I also tested out some mining of hard negatives. After training the SVM, I again evaluated the SVM on random patches of negative images, this time at scale steps of 0.7 for 5 iterations. I configured the process to sample 5000 patches from each negative image and keep predictions that were greater than 0 (which there ended up being 1724 of). I used these positive prediction value patches as more negative training examples and retrained the SVM with these additional negatives. Overall, I did not see a noticeable impact on performance. I actually did manage to reach a higher average precision when testing this technique, however it is not clear if this technique was the reason I reached this precision as each run has inherent variability due to the randomness of the negative example gathering and SVM training. Nevetheless, this used the same configuration as the previous top performing result (of course other than the hard negative mining). Hard negative mining does not add too much computation time; in my experience it ranged from 1-2 additional minutes depending on the number of hard negatives mined.

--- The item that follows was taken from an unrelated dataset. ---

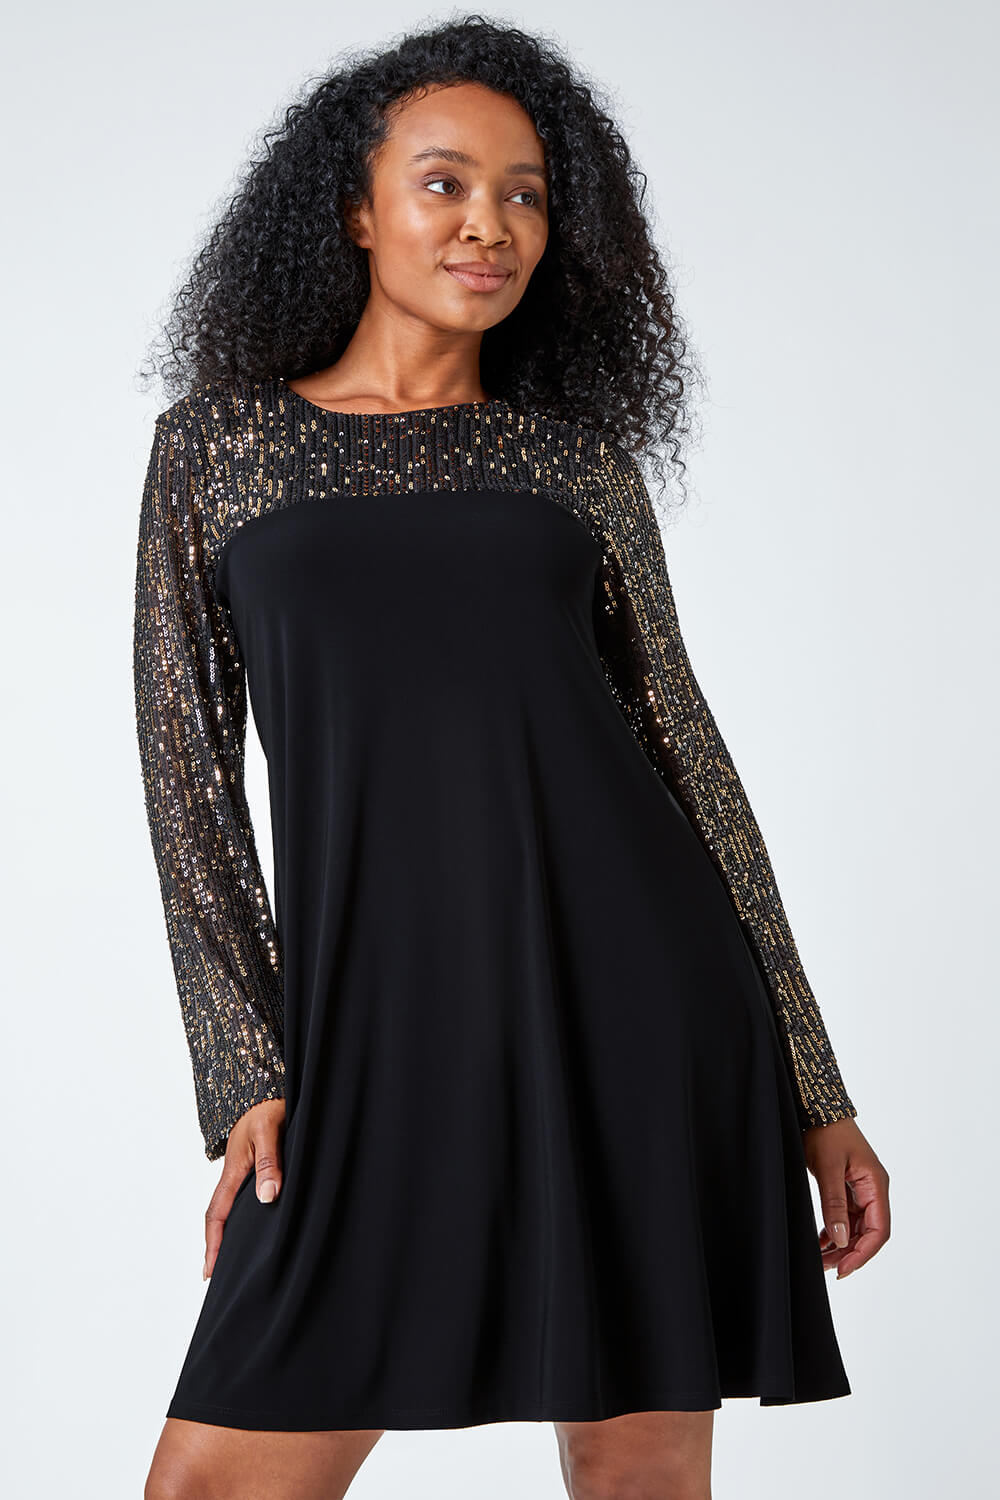 Gold Petite Sequin Shift Stretch Dress, Image 2 of 5

And here you will find the SVM boundary as well as the Viola Jones figure comparison. Notice that the SVM boundary is very divisive in this run.

We seem to have achieved very similar performance to Viola Jones.

We will now look at our two top performing face detectors. On the left, we have our face detector that did not use hard negatives (93.9%) and on the right, we have our face detector that did use hard negatives (94.1%). It starts to become clear that we end up with less false positives with the hard negative mining (both detectors only kept predictions that has SVM responses greater than -0.2).

Conclusion

Thanks to the work of Dalal and Triggs, we can detect faces at reasonable accuracy with relatively little complexity. This project really highlights the power of SVMs and image features such as HOG. These well established black boxes leave us with little additional effort required to solve a seemingly difficult task. In this application, hard negative mining appears to impove the quality of our face detections by removing false positives, but does not tend to improve precision at such high performance already. This could be a more useful technique if we had less data to train on.